Rate of drug aerosol formation is determined, for example, by delivering a sumatriptan, frovatriptan, or naratriptan containing aerosol into a confined chamber via an inhalation device over a set period of time (e.g., 3 s). Where the aerosol is pure sumatriptan, frovatriptan, or naratriptan, the amount of drug collected in the chamber is measured as described above. The rate of drug aerosol formation is equal to the amount of sumatriptan, frovatriptan, or naratriptan collected in the chamber divided by the duration of the collection time.
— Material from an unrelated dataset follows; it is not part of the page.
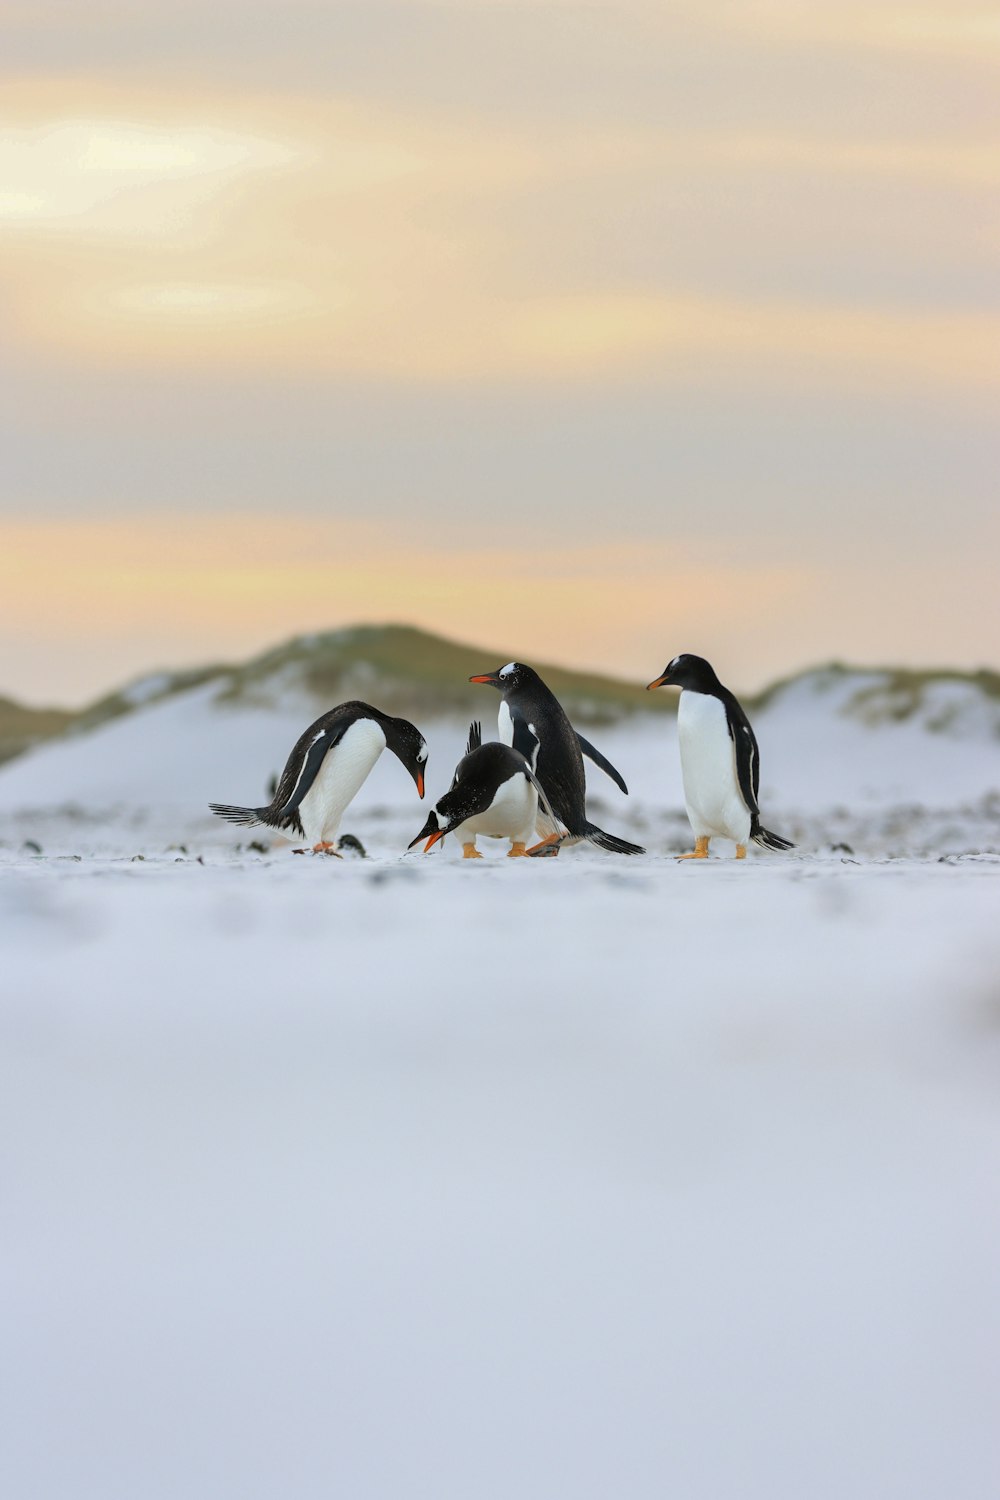 a group of penguins walking across a snow covered field
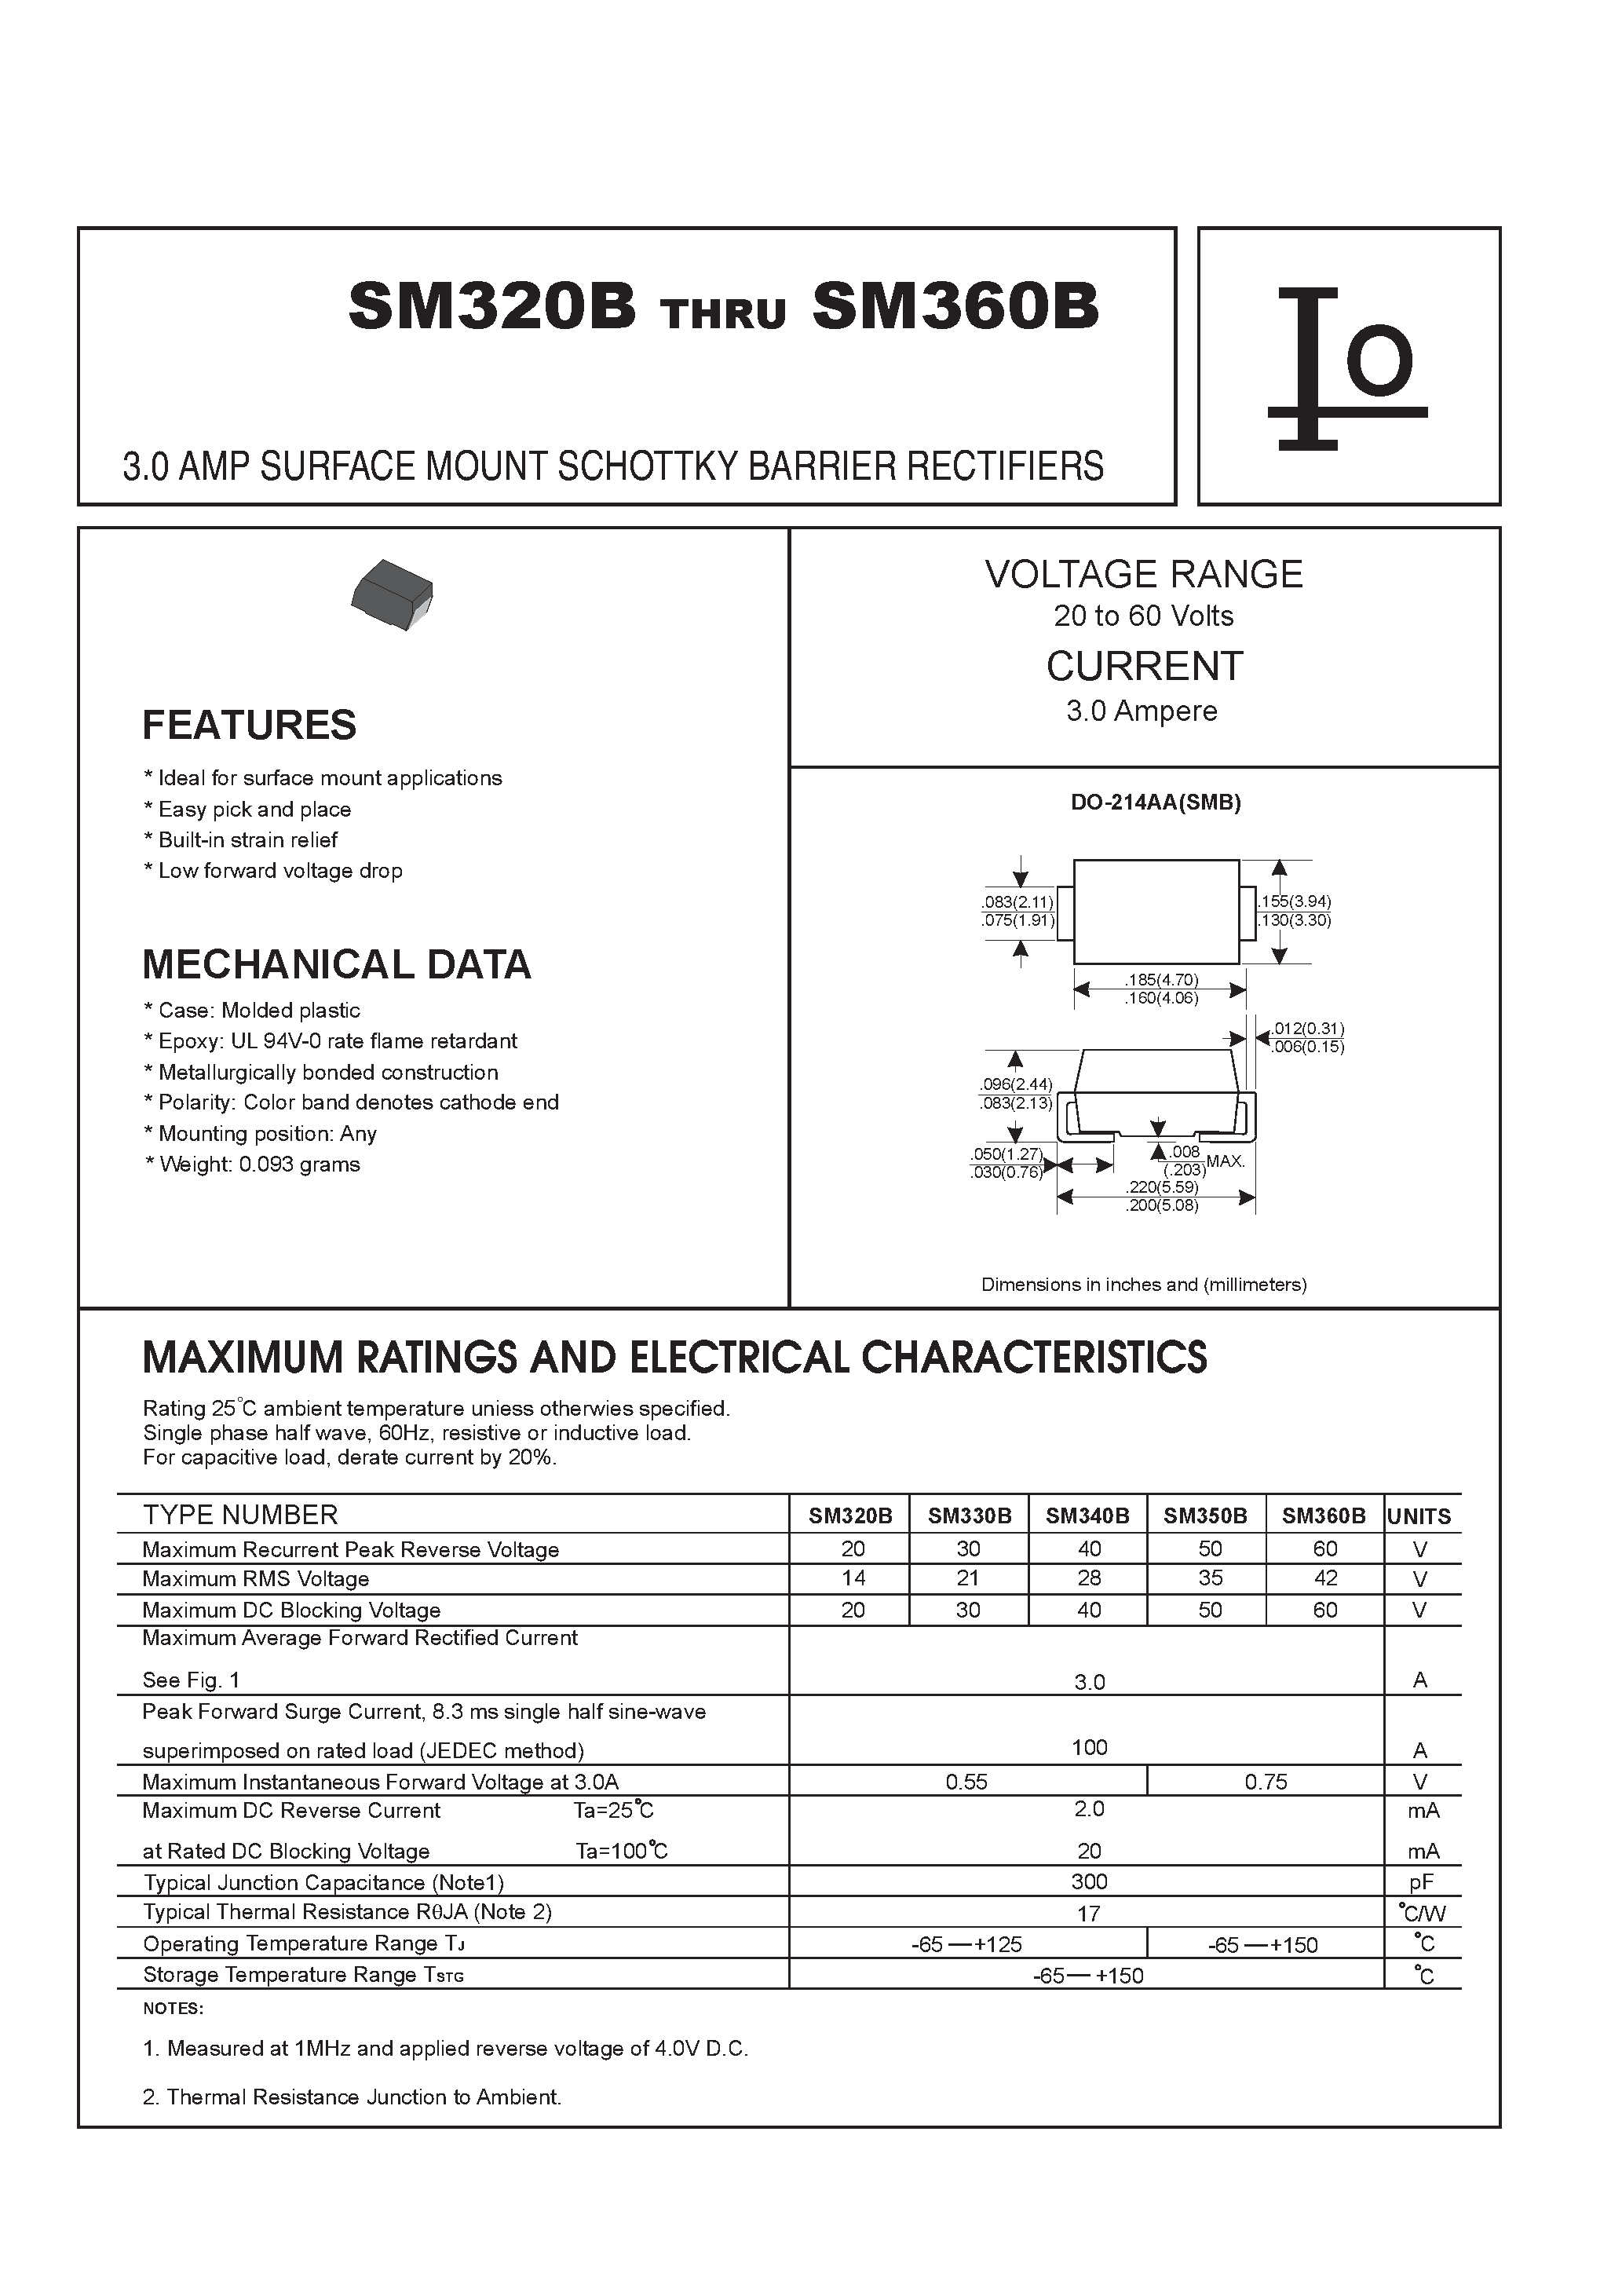 Datasheet SM360B - 3.0 AMP SURFACE MOUNT SCHOTTKY BARRIER RECTIFIERS page 1

Where the sumatriptan, frovatriptan, or naratriptan containing aerosol comprises a pharmaceutically acceptable excipient, multiplying the rate of aerosol formation by the percentage of sumatriptan, frovatriptan, or naratriptan in the aerosol provides the rate of drug aerosol formation.
Utility of Sumatriptan, Frovatriptan, or Naratriptan Containing Aerosols
The sumatriptan, frovatriptan, or naratriptan containing aerosols of the present invention are typically used for the treatment of migraine headaches.
The following examples are meant to illustrate, rather than limit, the present invention.
Sumatriptan, frovatriptan and naratriptan are commercially available as the active ingredients in tablets sold as IMITREX® (sumitriptan), FROVA® (frovatriptan succinate), and AMERGE® (naratriptan hydrochloride) respectively.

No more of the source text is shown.